In the Go language, you can use the list structure in the container/list package to implement the stack. It should be noted that the push and pop operations of the stack need to be implemented using list.PushBack and list.Back().Value.(type) respectively.
- Dictionary
Dictionary (Map) is a commonly used data structure, which can realize the storage and query of key-value pairs. Dictionaries are also a very important data structure in the Go language and are often used to record configuration, statistical information, etc.

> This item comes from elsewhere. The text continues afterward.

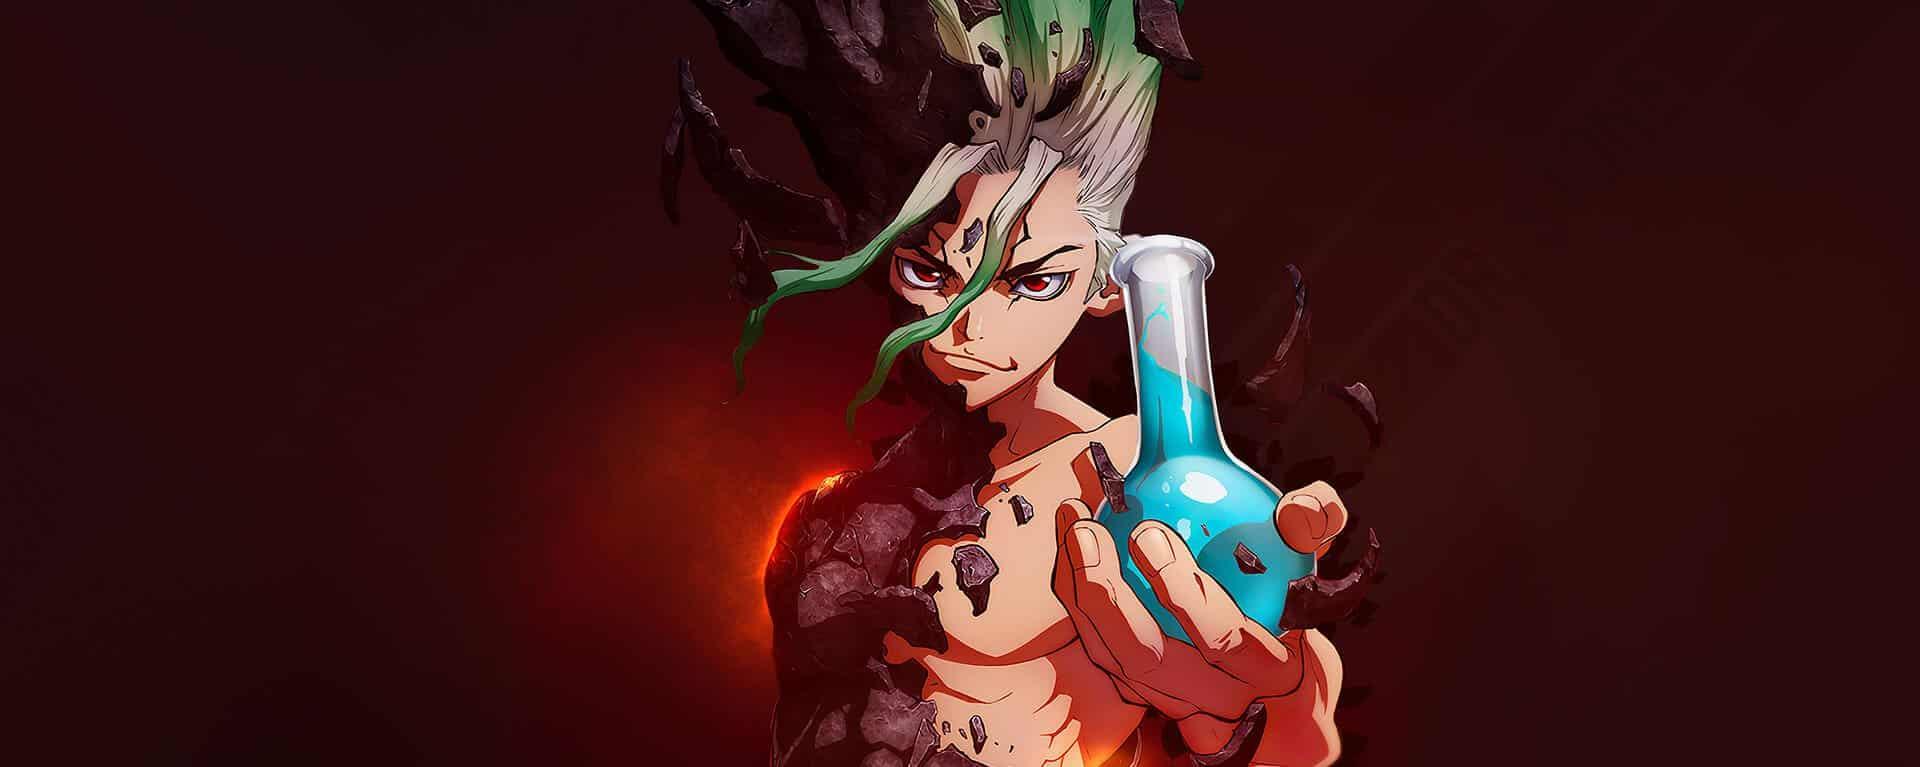 Protagonista do anime Doctor Stone chamado senku com uma ampulheta

In the Go language, dictionaries can be defined directly using the map keyword. As follows:
// Define a dictionary
m := make(map[string]int)
// Add key-value pair
m["apple"] = 2
m["banana"] = 3
// Query key-value pair
fmt.Println(m["apple"]) // Output 2
// Delete Key-value pair
delete(m, "banana")
It should be noted that the key type of the dictionary must be a data type that supports the == operator, such as string, int, etc. Similarly, the value type of the dictionary also needs to comply with the regulations in the Go language.
- Red-Black Tree
Red-Black Tree (Red-Black Tree) is a self-balancing binary search tree, which can be in O(log n) Implement insertion, deletion, and search operations within time complexity. The nodes of the red-black tree have two colors, red and black. They have the following characteristics:
- The root node is black;
- All leaf nodes are black and empty Node (that is, leaf nodes do not store data);
- All red nodes must have two black child nodes (the red-black tree guarantees that all paths from the root node to the leaf node have the same number of black nodes) ;
- All paths from any node to its leaf nodes contain the same number of black nodes.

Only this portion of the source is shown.